> **Stored data entries**
════════════════════
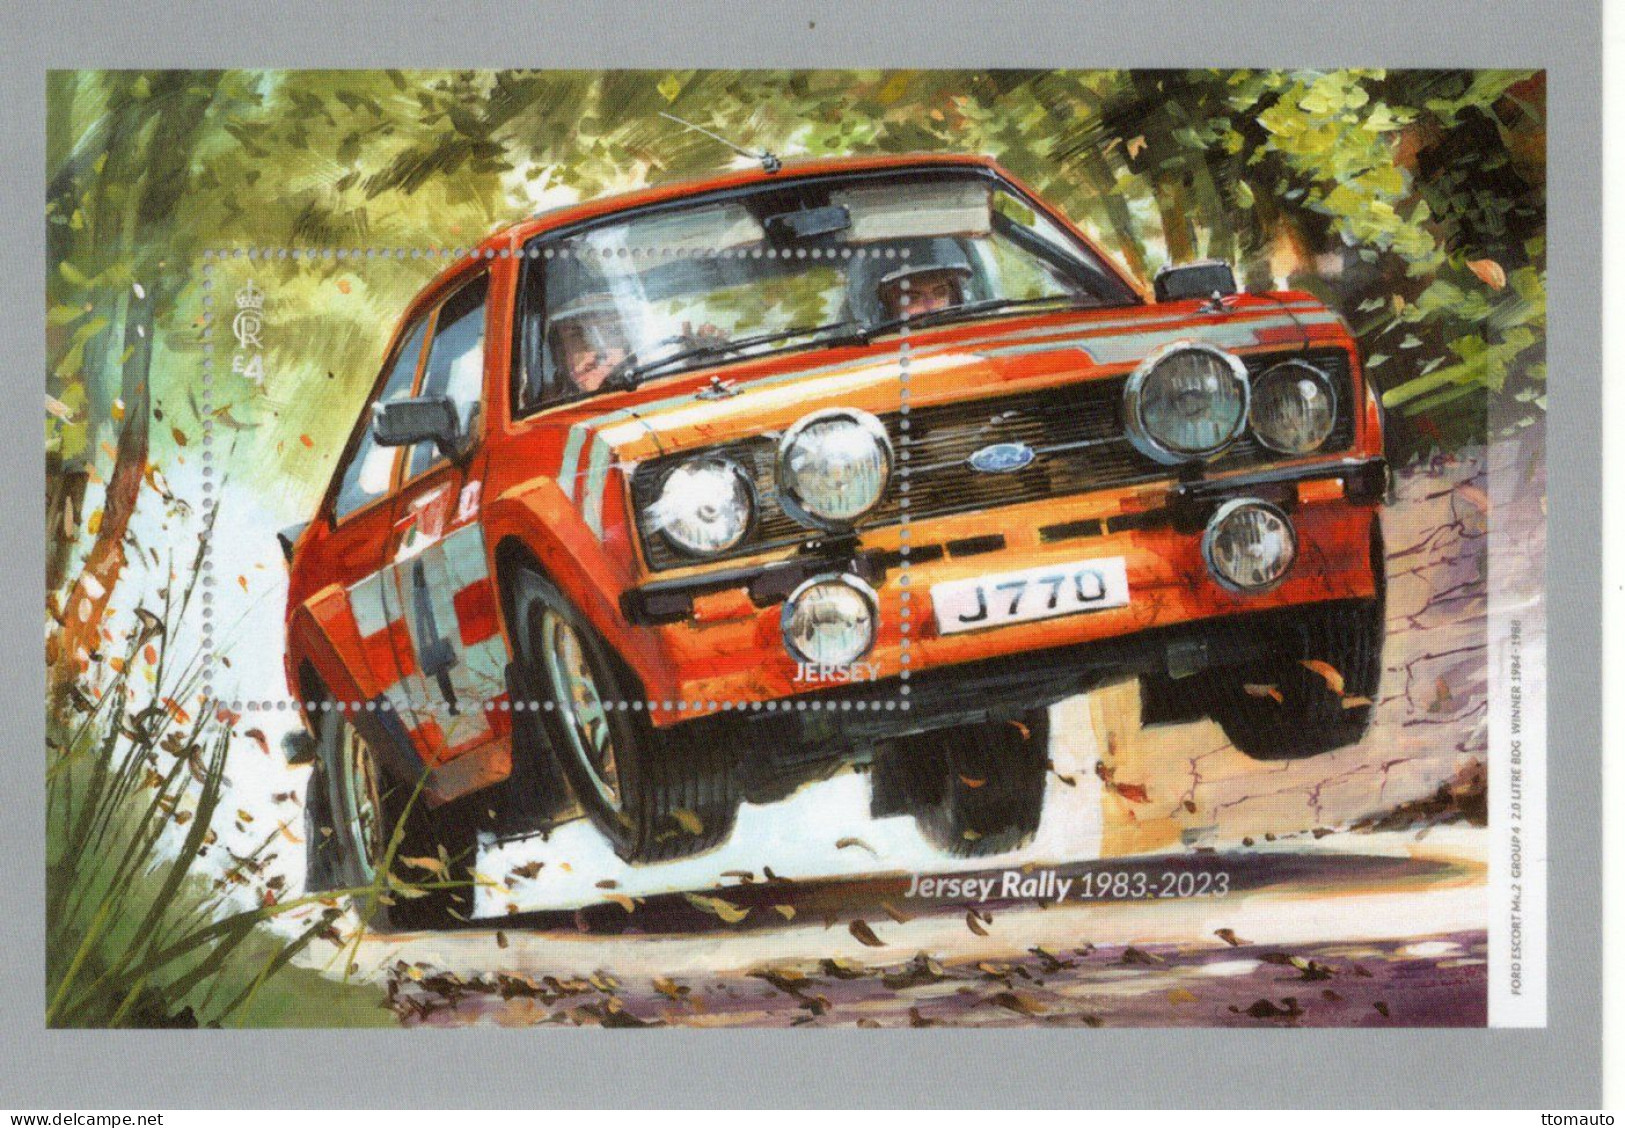 Ford Escort RS1800 -  40 Years Of Jersey Rally - Jersey PHQ Postcard - Rally
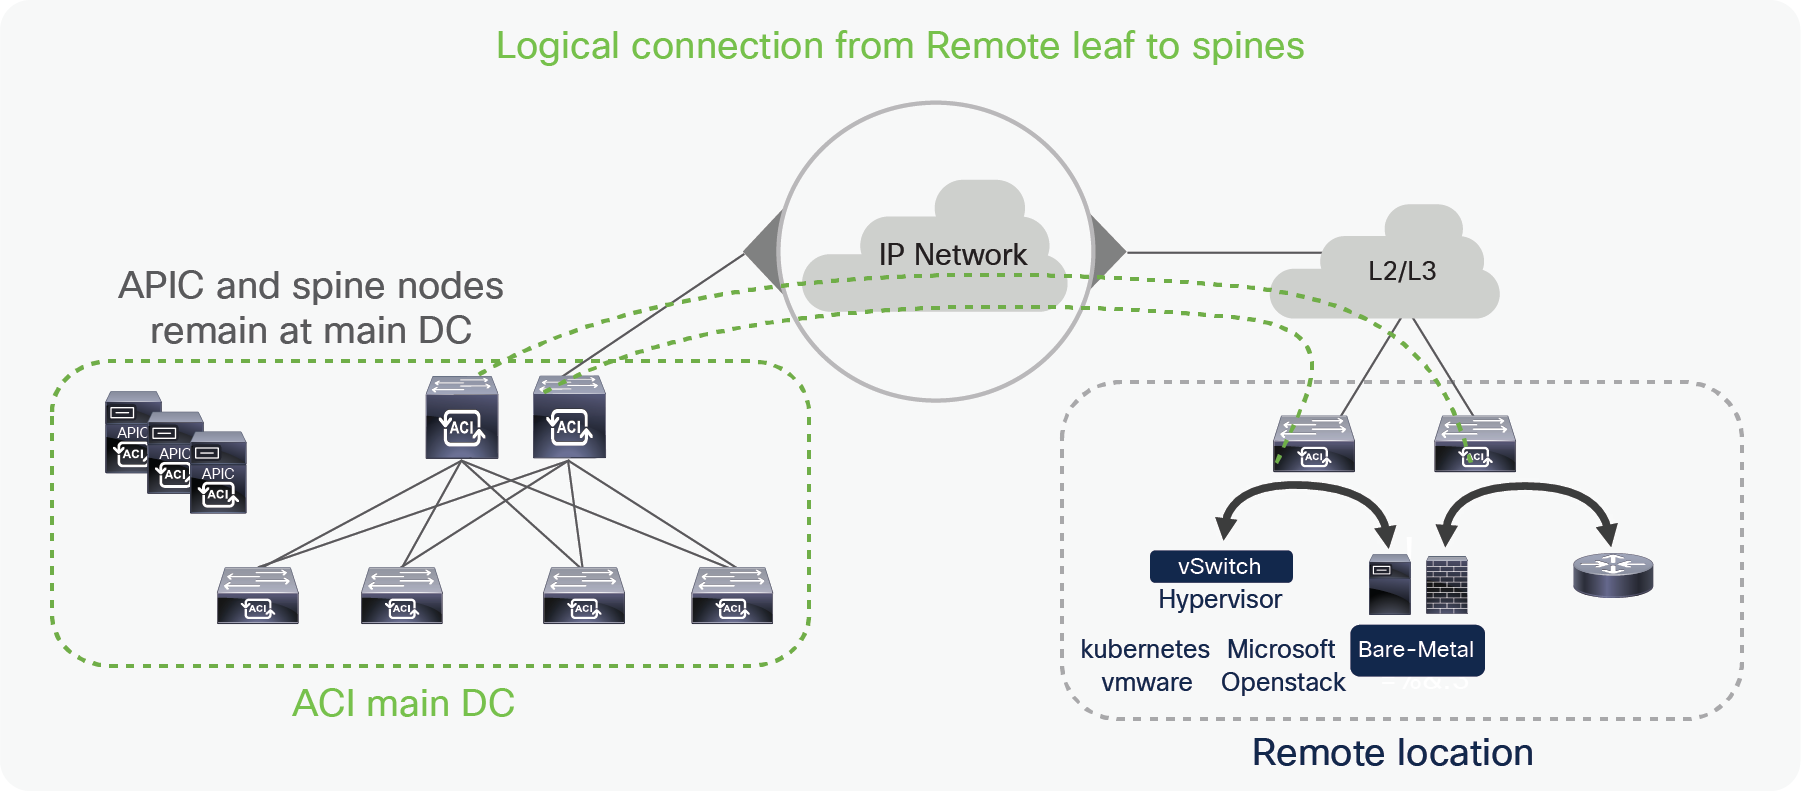 Remote leaf architecture overview
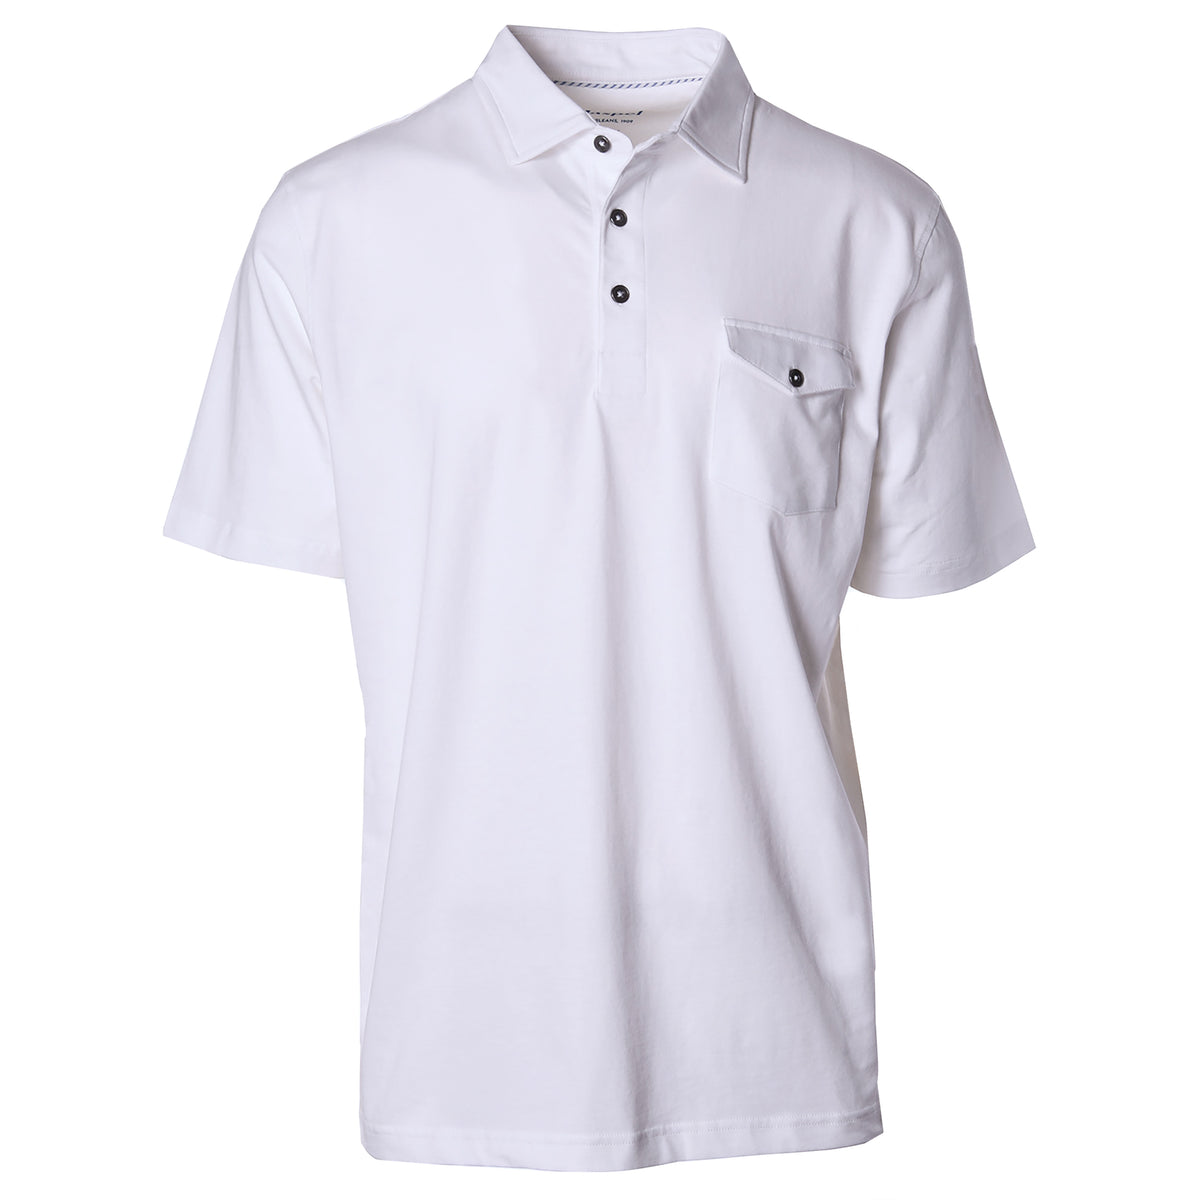 This polo is the equivalent of walking the throwback streets of Havana. 70&#39;s vibe with modern stretch tech to keep you cool and comfortable.  95% Cotton / 5% Spandex • Our Signature Seersucker Piping • 3 Button Placket • Flap Button Pocket • Open Sleeve • Tag-less / Printed Label for Ultimate Comfort • Stretch Comfort • Machine Wash
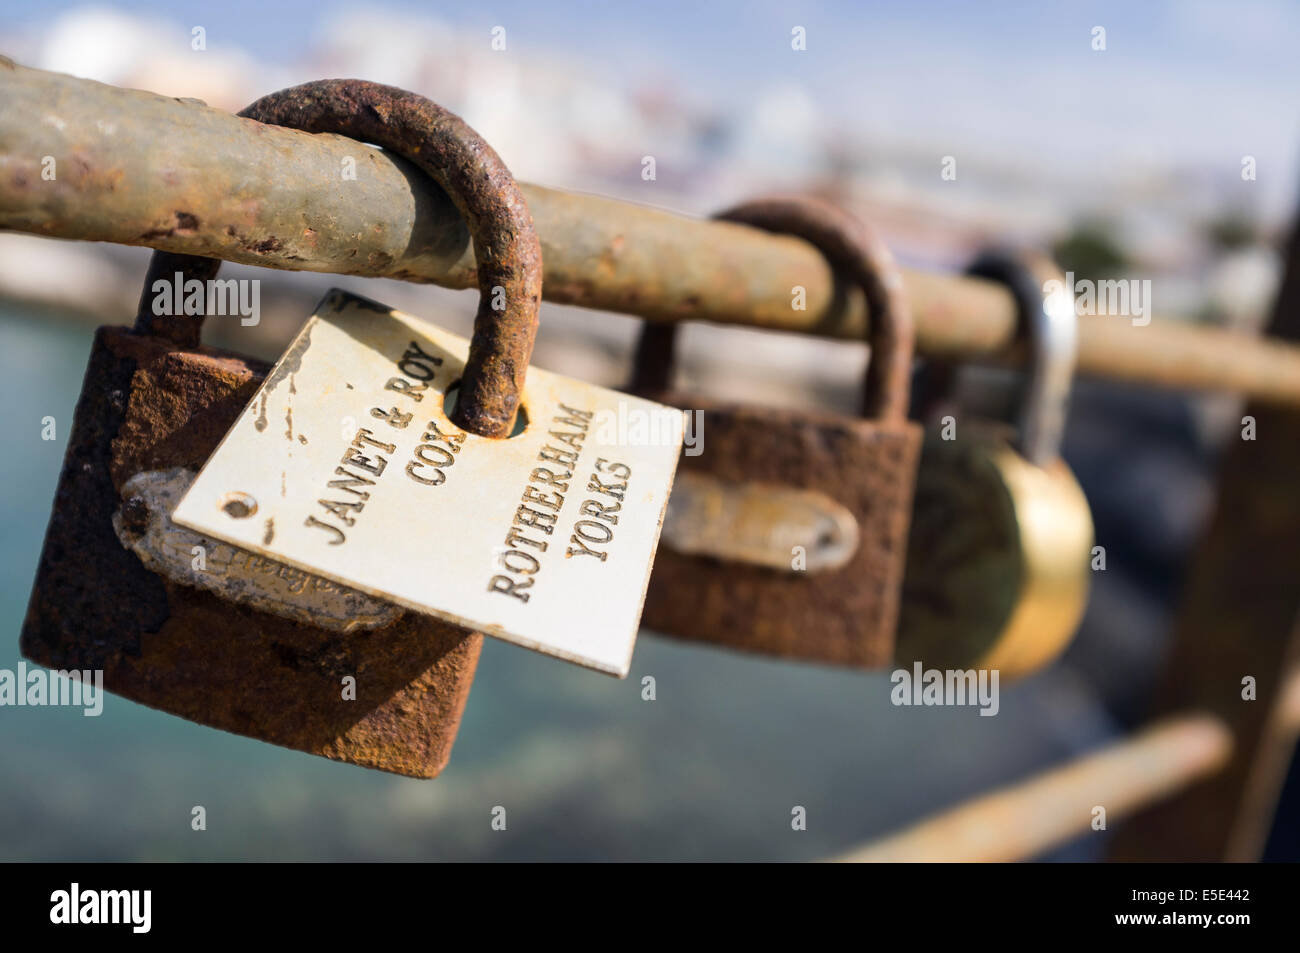 Padlocks on a railing put there by lovers as a symbol of everlasting love. La caleta, tenerife, canary islands, Spain. Stock Photo
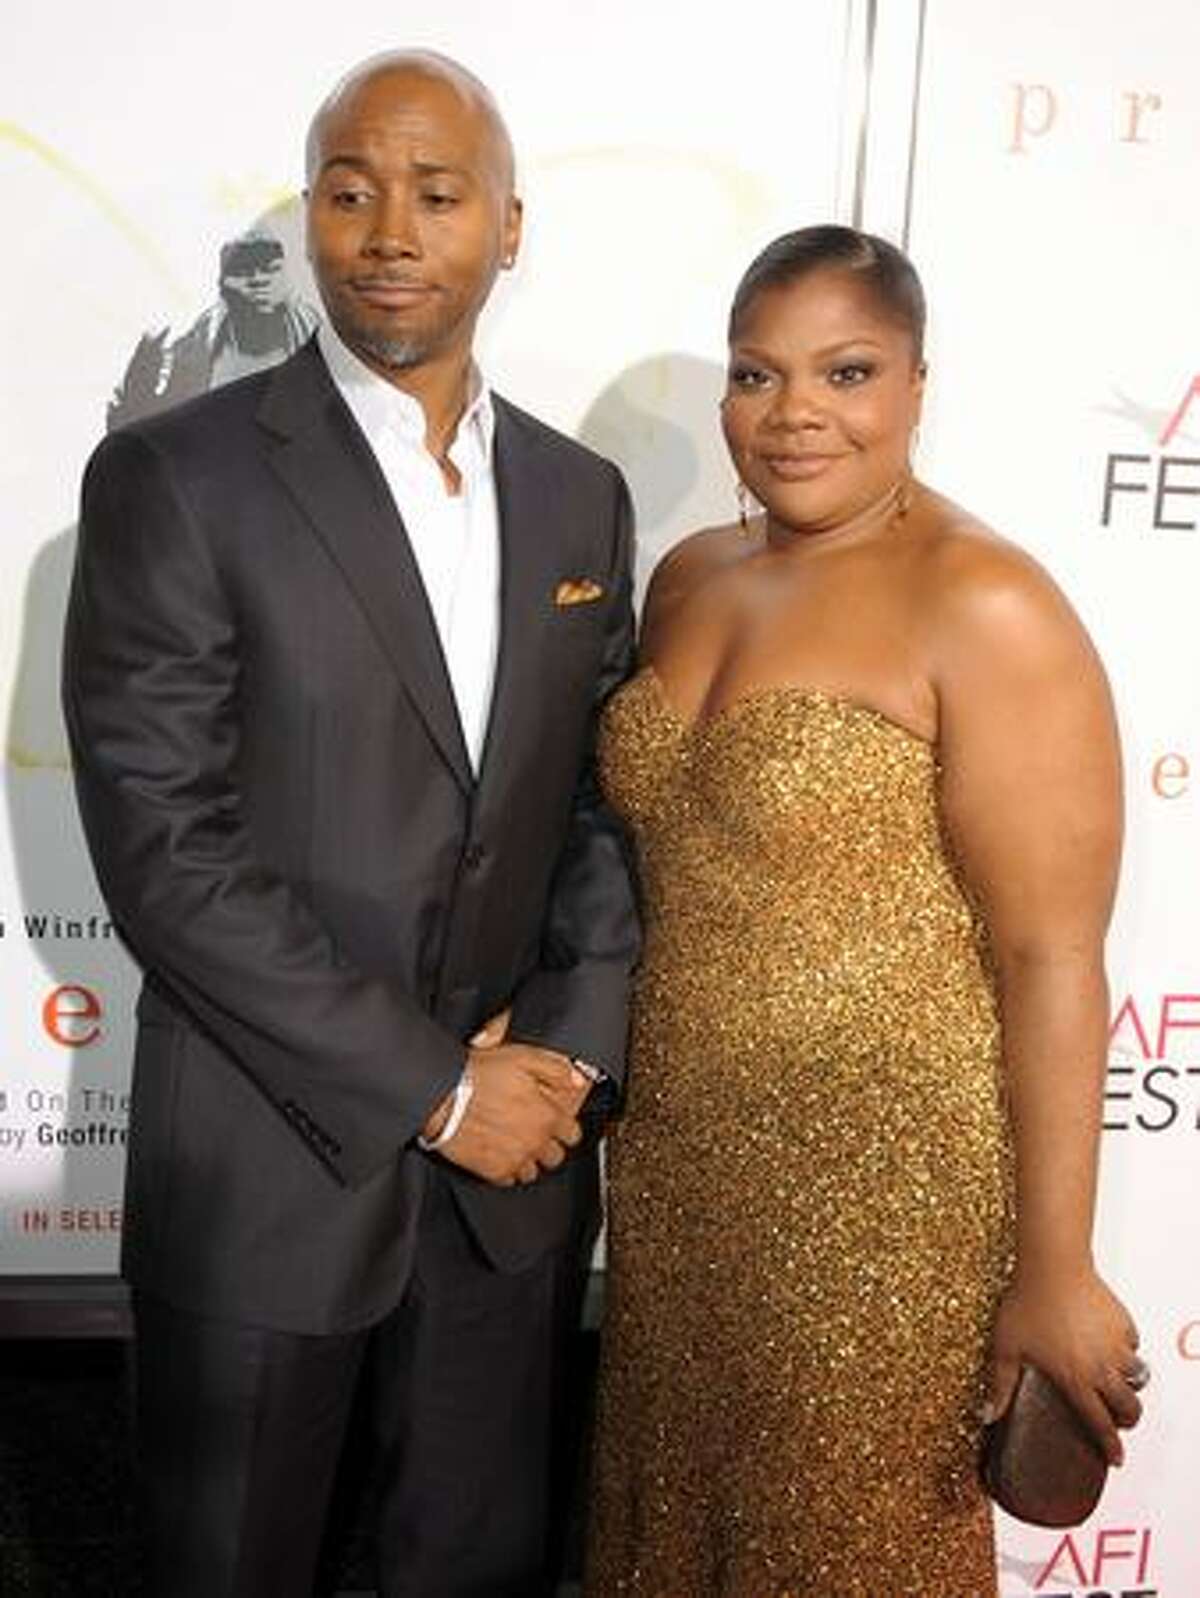 Sidney Hicks (L) and actress Mo'Nique arrive at the screening of "Precious: Based On The Novel 'PUSH' By Sapphire" during AFI FEST 2009 held at Grauman's Chinese Theatre in Hollywood, California.
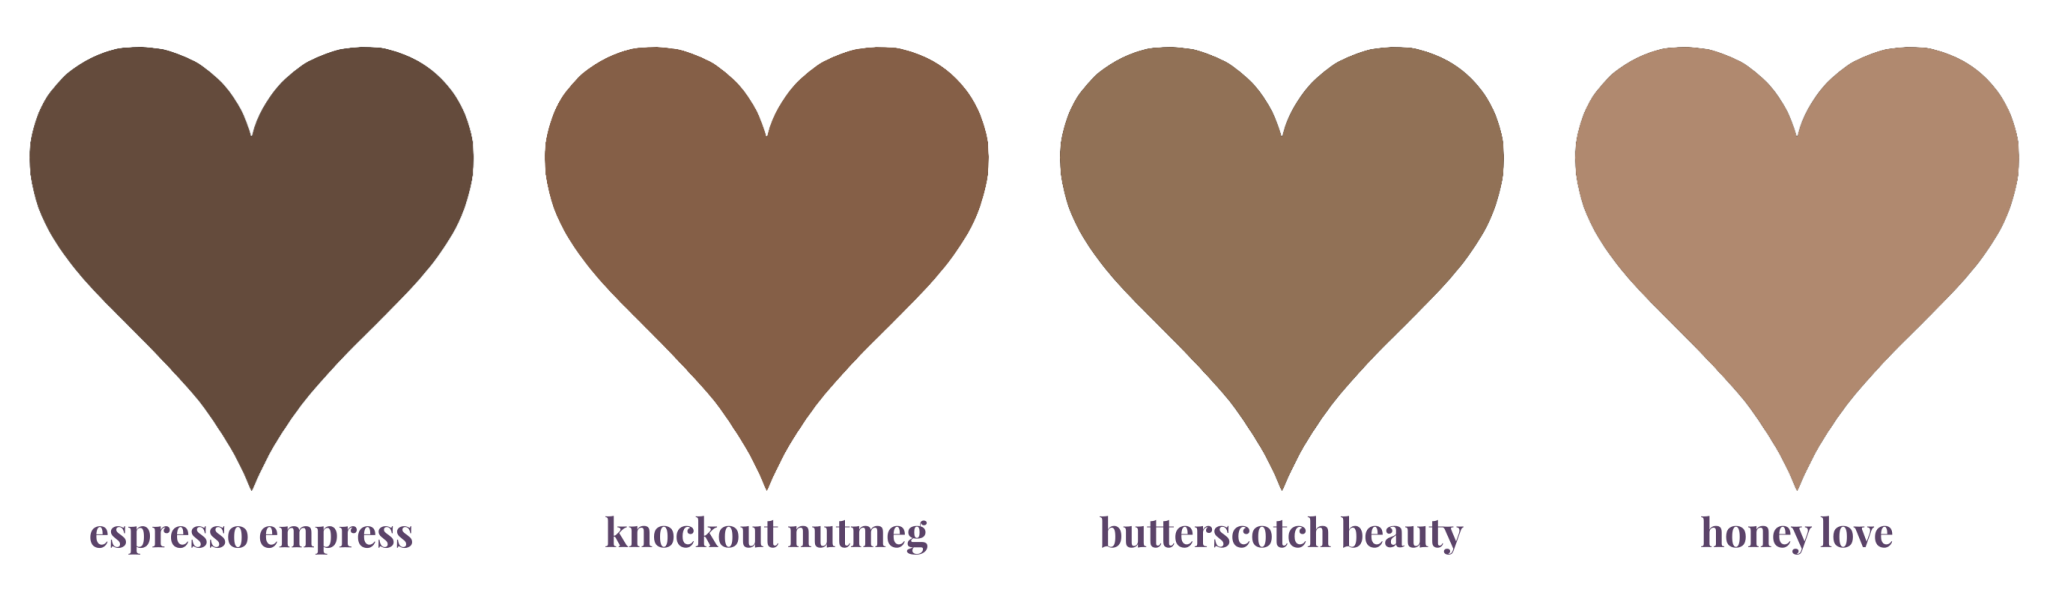 Four Shades of Brown Bras
════════════════════
> **Action item**
The result should be an exact retyped version of all the entries above, containing no pictures.

> **Completed exercise**
 Ford Escort RS1800 -  40 Years Of Jersey Rally - Jersey PHQ Postcard - Rally
 Remote leaf architecture overview
 This polo is the equivalent of walking the throwback streets of Havana. 70&#39;s vibe with modern stretch tech to keep you cool and comfortable.  95% Cotton / 5% Spandex • Our Signature Seersucker Piping • 3 Button Placket • Flap Button Pocket • Open Sleeve • Tag-less / Printed Label for Ultimate Comfort • Stretch Comfort • Machine Wash
 Padlocks on a railing put there by lovers as a symbol of everlasting love. La caleta, tenerife, canary islands, Spain. Stock Photo
 Sidney Hicks (L) and actress Mo'Nique arrive at the screening of "Precious: Based On The Novel 'PUSH' By Sapphire" during AFI FEST 2009 held at Grauman's Chinese Theatre in Hollywood, California.
 Four Shades of Brown Bras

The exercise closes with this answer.